Words between underscores should be treated as components. And $3.27.5 says that the leading components have to be the identifier of the rule.
In some cases they look like valid components, e.g. err_access, err_access_dtor, err_access_dtor_exception.
But in cases like err_cannot_open_file neither of the leading components exists.

Theoretically we could use groups as the leading component for warnings for example. For errors the leading components are probably not even necessary, since if I understood correctly they are needed to suppress subsets of violations on the SARIF consumer side.
Or we just could keep the names with underscores as is. WDYT?

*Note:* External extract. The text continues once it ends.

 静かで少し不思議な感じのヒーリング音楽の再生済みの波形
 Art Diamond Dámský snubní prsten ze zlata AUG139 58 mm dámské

cjdb added inline comments.Mar 22 2023, 5:52 PM
clang/lib/Frontend/SARIFDiagnostic.cpp
52–53

I think in light of what you've said, changing back to underscores is probably best.

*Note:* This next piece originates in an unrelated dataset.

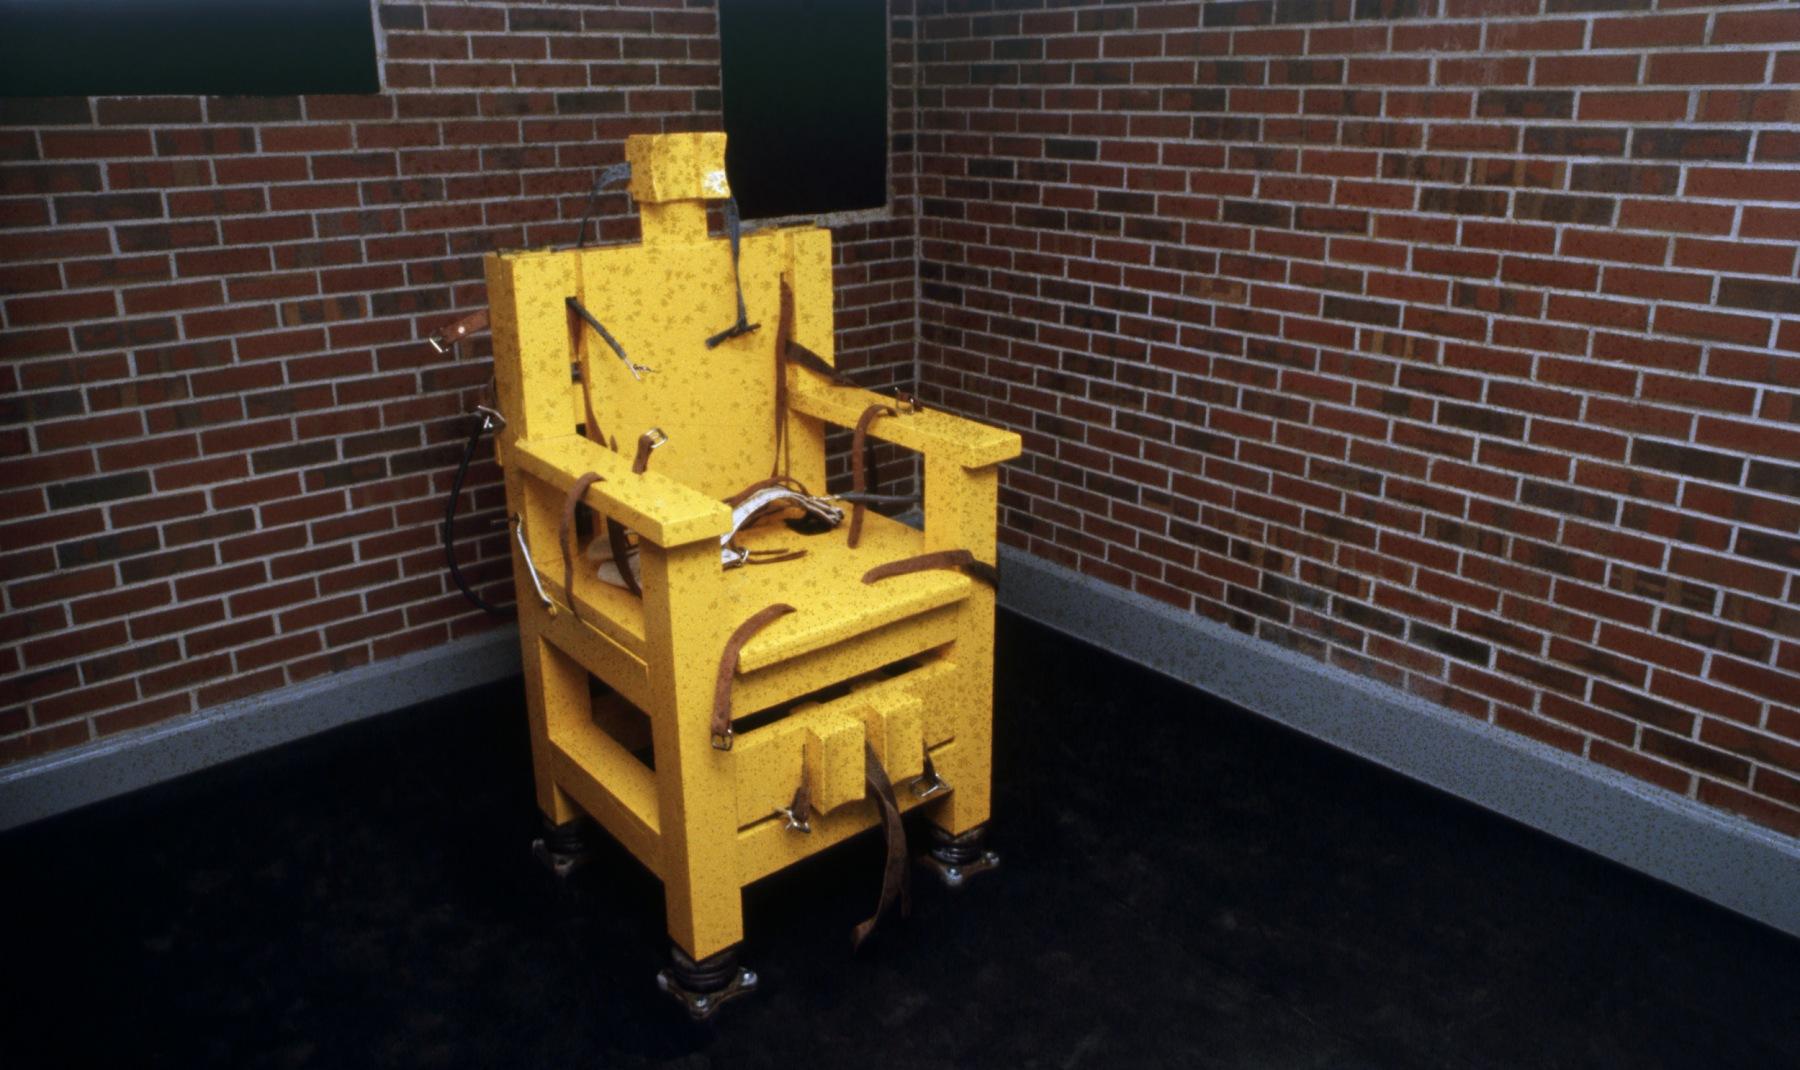 holman-prison-electric-chair.jpg

vaibhav.y added inline comments.Apr 5 2023, 11:53 AM
clang/lib/Frontend/SARIFDiagnostic.cpp
52–53

But more generally, are diagnostic names really fall under "hierarchical" definition?

I have the same concern, but this is okay for a first pass as a "flat hierarchy" :)

If we want a deeper structure, we'll need some extra metadata in DiagnosticSemaKinds.td's Error<...> to add cluster names as a follow up to this.

WDYT about something like clang/visibility/err_access or clang/syntax/err_stmtexpr_file_scope.

Alternatively: we could draw from the c++ standard structure: https://eel.is/c++draft/basic.def.odr#term.odr.use and say the error code for an ODR violation could be clang/basic/def/odr, again I'm unsure how well this meshes with clang's diagnostic model.

Endill added a subscriber: Endill.Apr 28 2023, 11:40 AM
Endill added inline comments.
clang/lib/Frontend/SARIFDiagnostic.cpp
52–53

Alternatively: we could draw from the c++ standard structure: https://eel.is/c++draft/basic.def.odr#term.odr.use and say the error code for an ODR violation could be clang/basic/def/odr, again I'm unsure how well this meshes with clang's diagnostic model.

The only reliable thing there are stable clause names like [namespace.udecl], because there are precedents of them being rearranged in the table of contents (1, 2). We've got bitten by that in C++ conformance tests, which use table of contents for directory hierarchy.

cjdb added inline comments.Apr 28 2023, 11:45 AM
clang/lib/Frontend/SARIFDiagnostic.cpp
52–53

WDYT about something like clang/visibility/err_access or clang/syntax/err_stmtexpr_file_scope.

I think this might work!

Alternatively: we could draw from the c++ standard structure: https://eel.is/c++draft/basic.def.odr#term.odr.use and say the error code for an ODR violation could be clang/basic/def/odr, again I'm unsure how well this meshes with clang's diagnostic model.

The only reliable thing there are stable clause names like [namespace.udecl], because there are precedents of them being rearranged in the table of contents (1, 2). We've got bitten by that in C++ conformance tests, which use table of contents for directory hierarchy.

Right. Given that section names aren't actually stable, relying on those would be brittle at best.

My primary concern with this is that we're calling these stable IDs -- they're not really stable IDs, they're internal implementation details that we change from time to time. So what happens when we rename ext_foo_bar into warn_foo_bar as far as SARIF is concerned? Does it matter, or are we setting some tools up for problems because they'll want to map between the old name and the new name if they're the "same diagnostic" as before?